The year 2015 has witnessed an extraordinary focus on the menstruation of women in social media. For instance, the photo-sharing website/app – Instagram got itself tangled in a controversy of events when it decided to remove photographs of artist and poet – Rupi Kaur, who had posted images of herself lying on a bed with a period stain. This ‘censorship’ of menstruation photos has resulted in a wider process of encouraging the taboo around the word ‘period’. However, after the artist challenged the removal of the image, it was restored back on the website.
In this day and age, there is a dire need for people to transform from a more passive to an active audience. Furthermore, there is a need to demystify the aura around menstruation, and recognise the agony which is faced by women from around the globe. Artist Saviya Lopez, who is currently exhibiting her work at the Clark House initiative, a Mumbai based gallery, has targeted this mystification around the politics of menstruation. Her work, which is being displayed as a part of a larger exhibition titled ‘River with a Thousand Holes’, addresses the link between the status of women and the degradation of the environment.

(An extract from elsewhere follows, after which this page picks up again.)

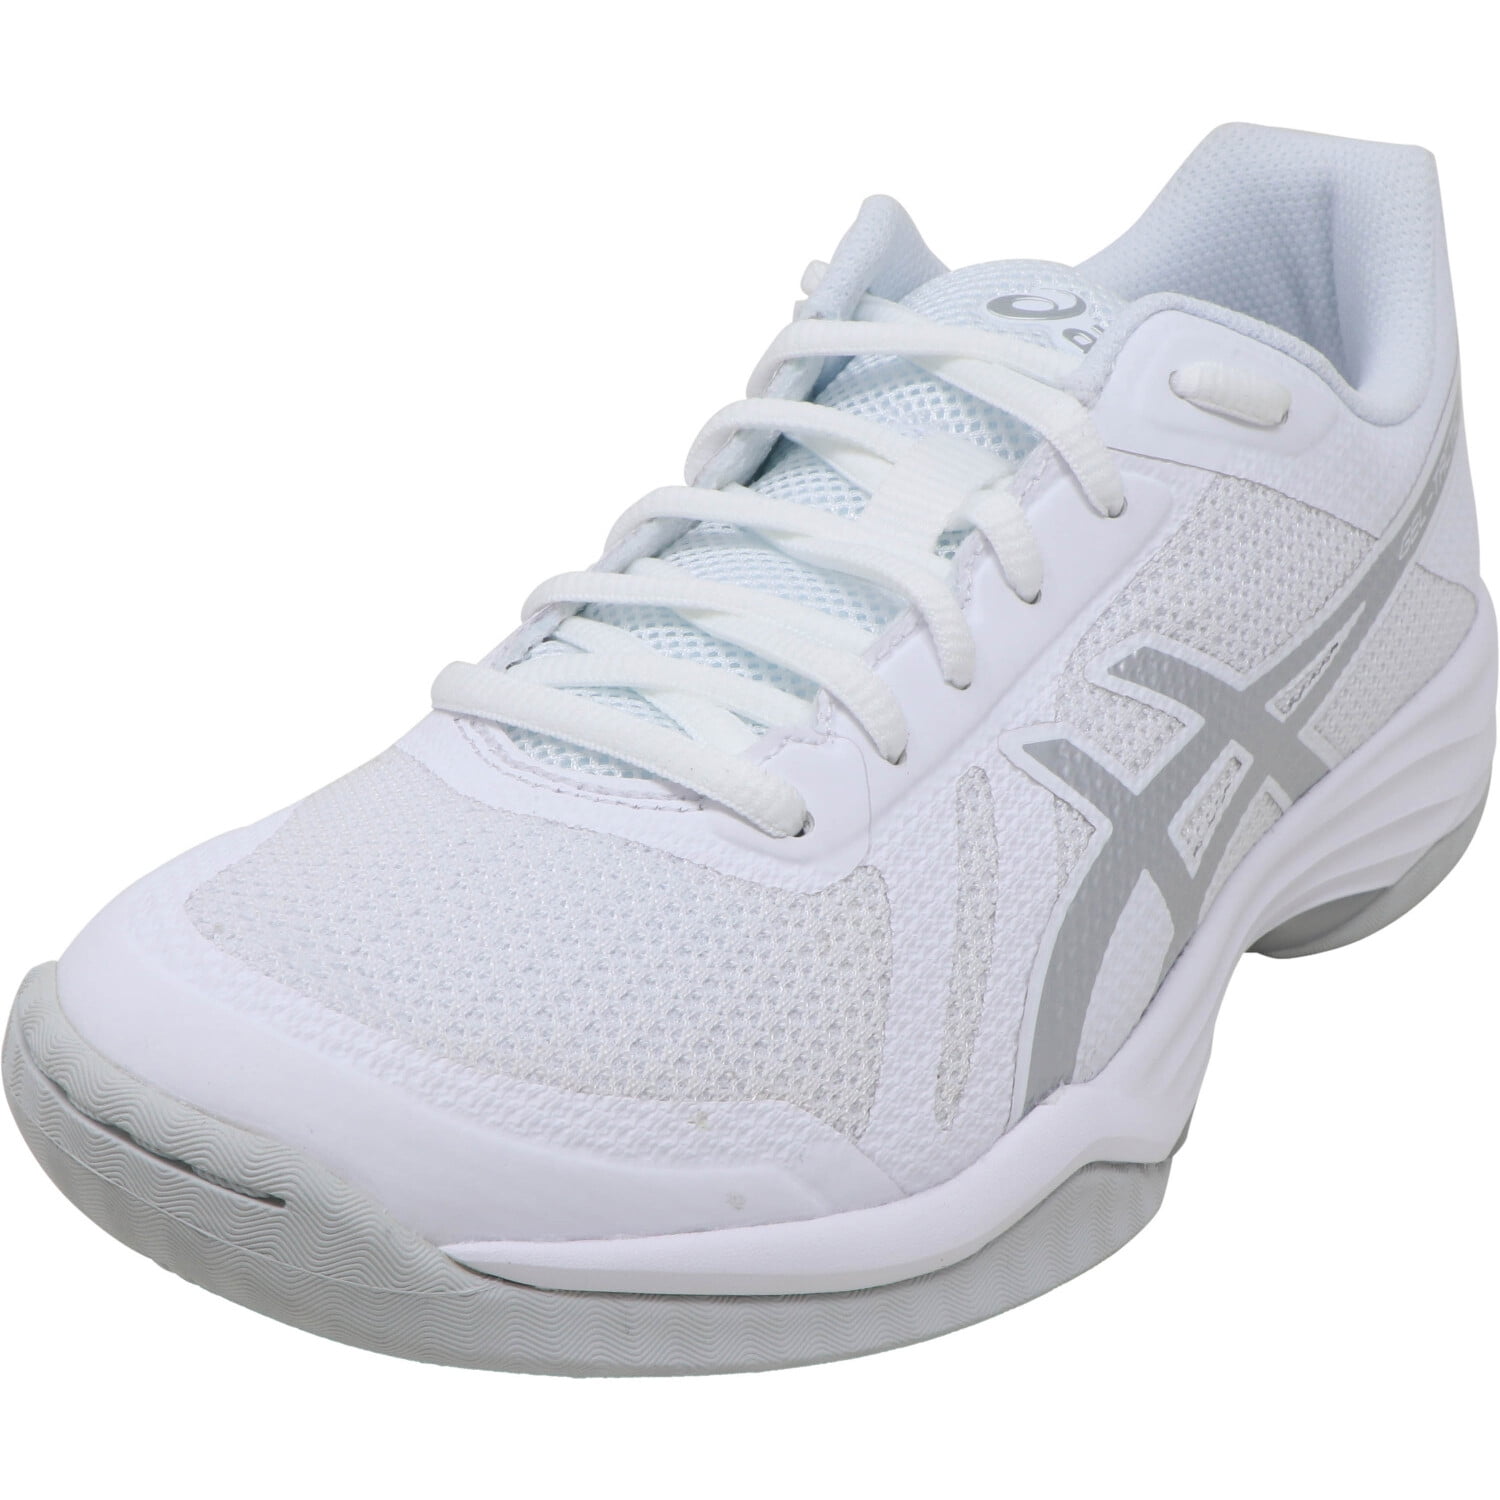 Asics Women's Gel-Tactic White / Silver Ankle-High Tenni - 7M - Walmart.com

In the image above, one sees that the bloodied words speak out against the discrepancy between what is real and what is being represented in the advertiser’s practice of showcasing blue instead of red on sanitary napkins. As the artist beautifully captures the parallels of dual realities of menstruation, the exhibition has strong political overtones of ecofeminism. Eco feminist epistemology forms a link between ecology and feminism. Furthermore, the approach shows how women and nature have a strong commonality, thus are united through their shared history of oppression by a patriarchal society.

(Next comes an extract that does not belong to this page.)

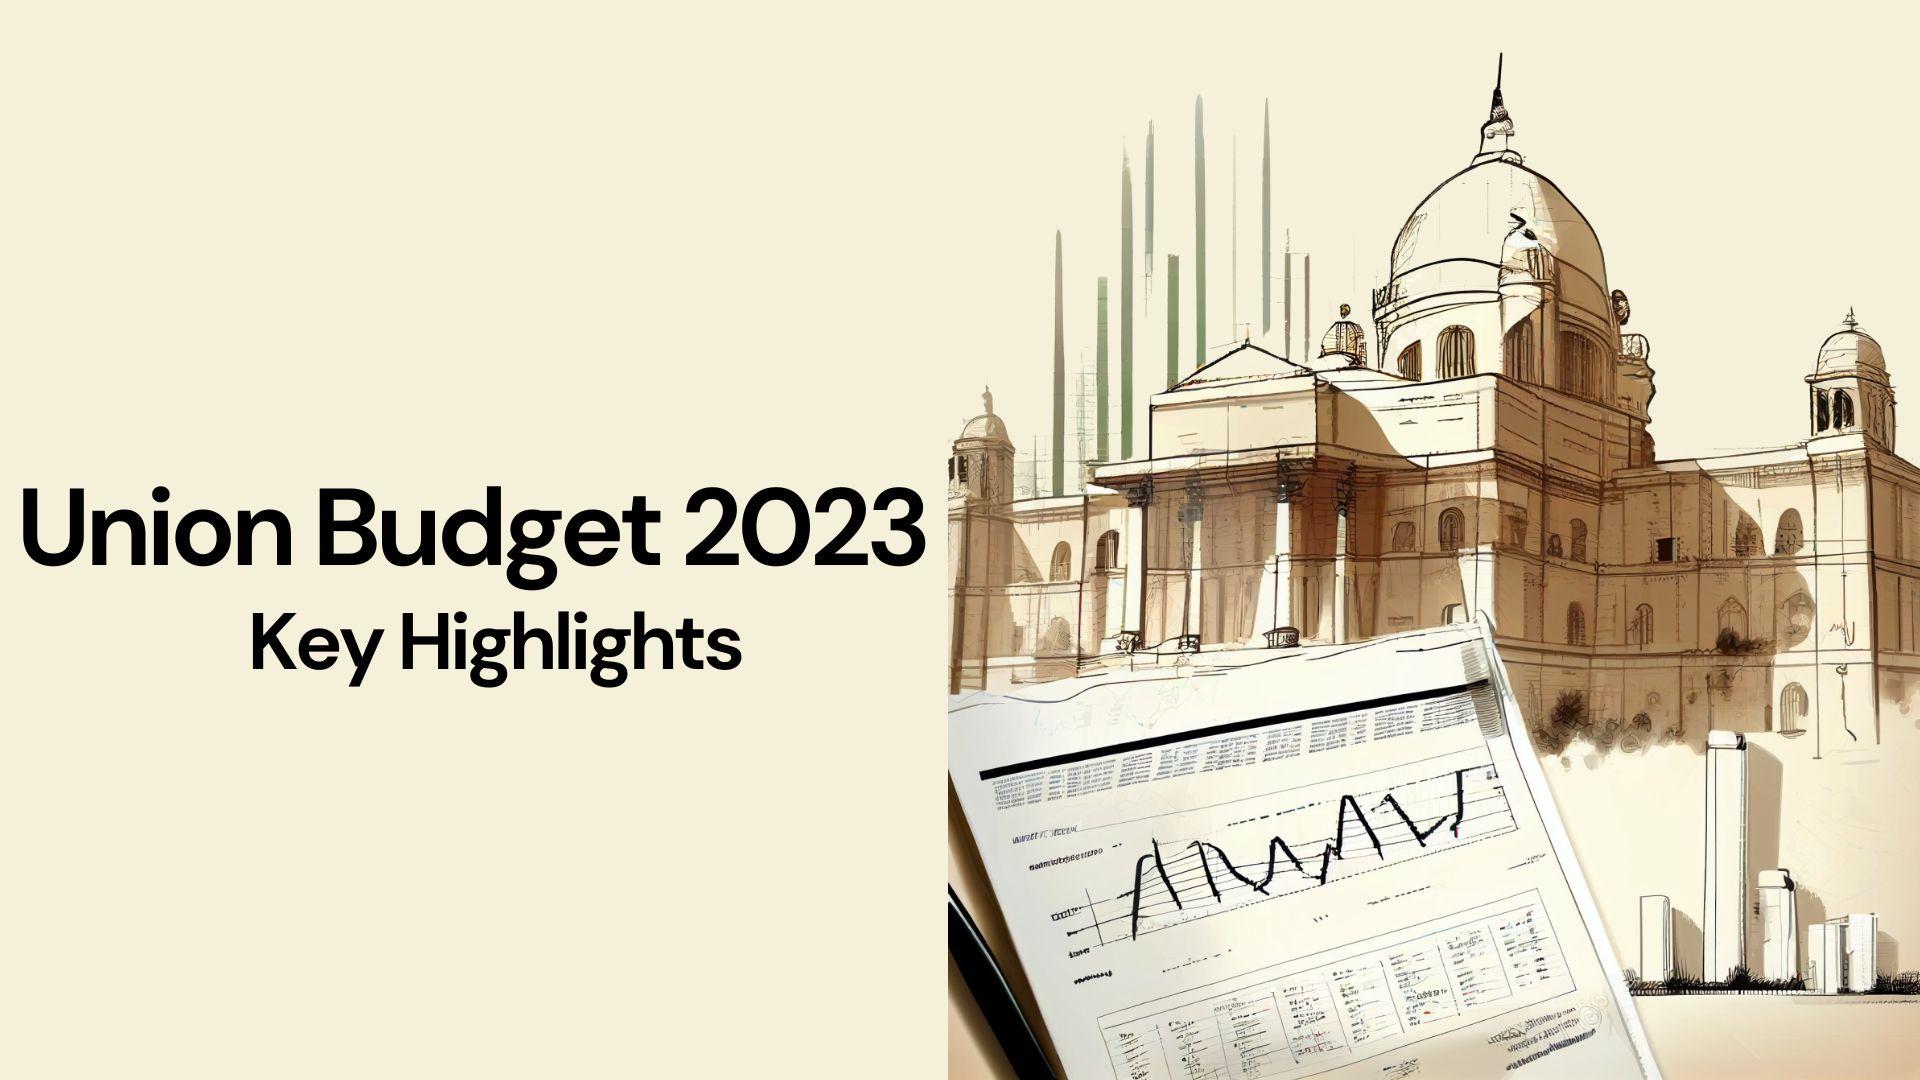 Union budget 2023 is presented by FM Nirmala Sitharaman_50.1

However, the issues surrounding menstruation lead me to question : how should one fight for women’s rights if the category of ‘women’ is not homogenous? Unlike previous ideologies, which for the longest period of time have looked at women as a uniform category, today’s feminist ideologies go beyond homogeneity and move towards heterogeneity. There has been a significant shift in feminist movements, which has paved the way to give enough room to acknowledge each individual’s subjective bodily experiences. Women are certainly different from men, but even more from one another. Thus, an upper caste Brahminical woman will certainly have different notions and perceptions regarding menstruation compared to a lower caste Dalit woman.

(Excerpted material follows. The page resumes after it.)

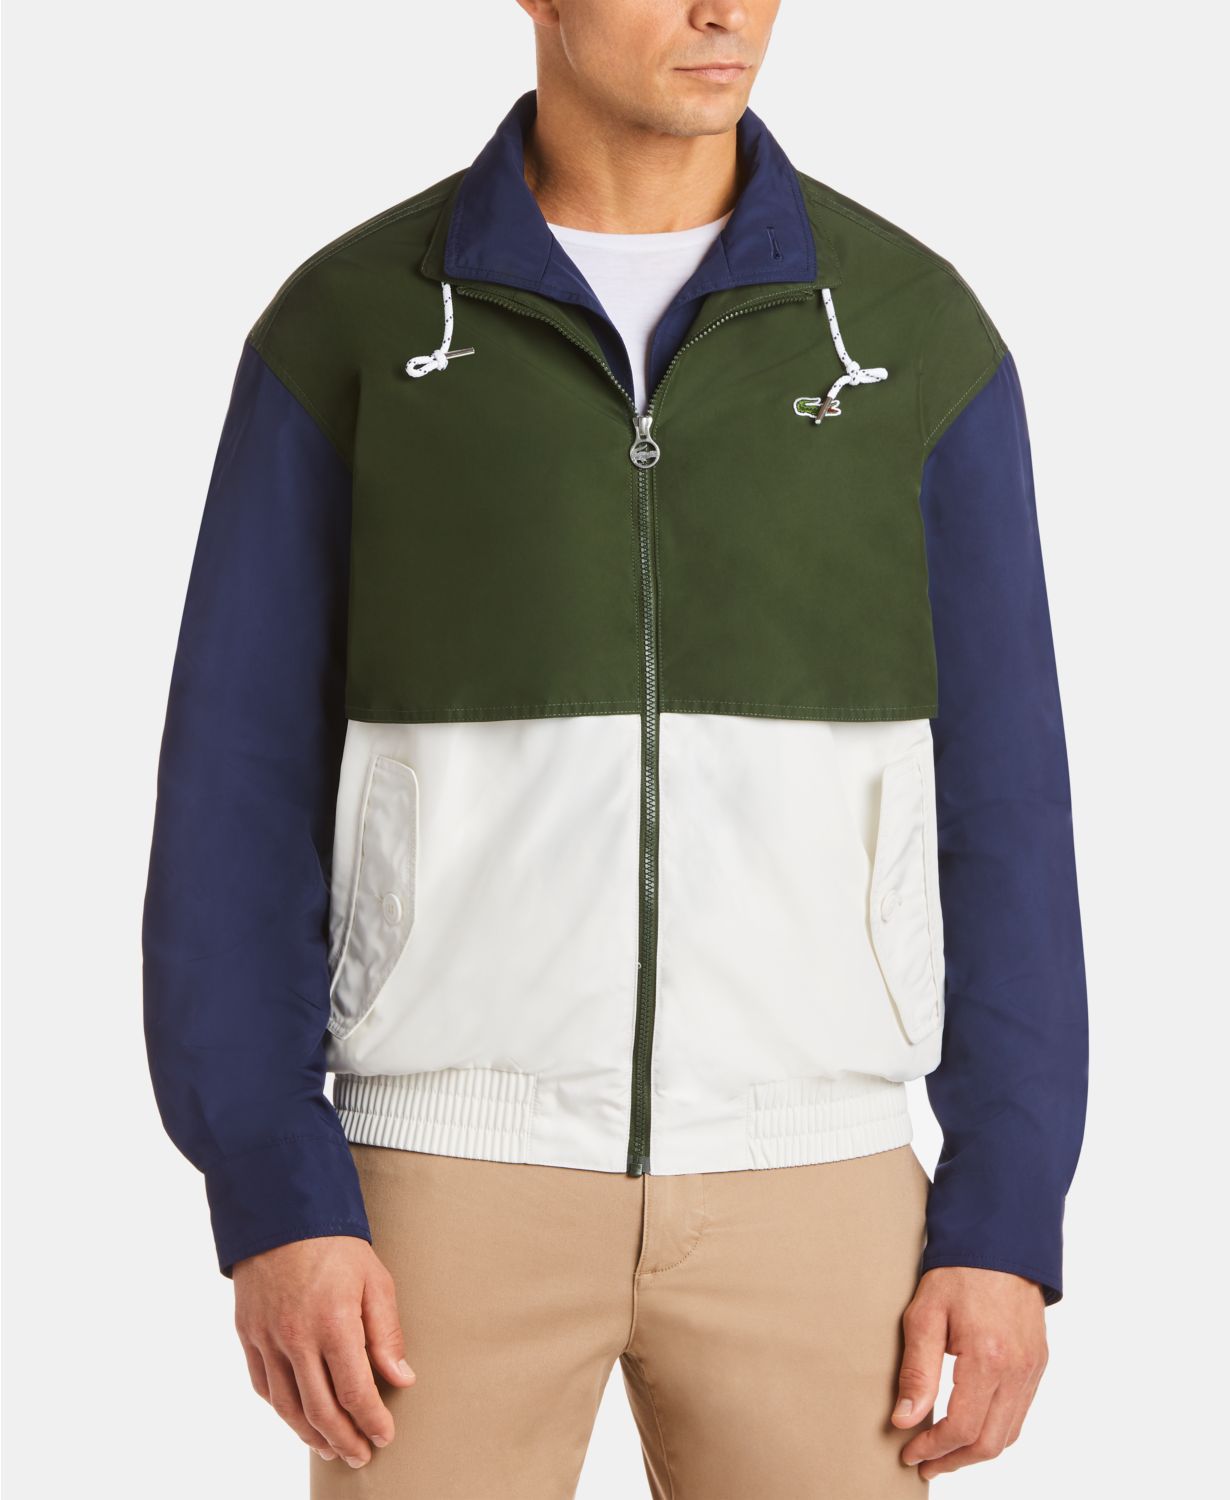 Lacoste Men's Lightweight Colorblocked Jacket

As the topic of menstruation seeps into the work of women artists, women have started to be even more vocal about confronting their subordinate status in society. Art, as I feel, is being used as a medium to convey strong ideas that have deliberately been silenced by androcentricity. After looking at a work of art, one tends to converse or write about it in order to share one’s thoughts with a wider audience…..resulting in a large encompassing process of social change, big or small.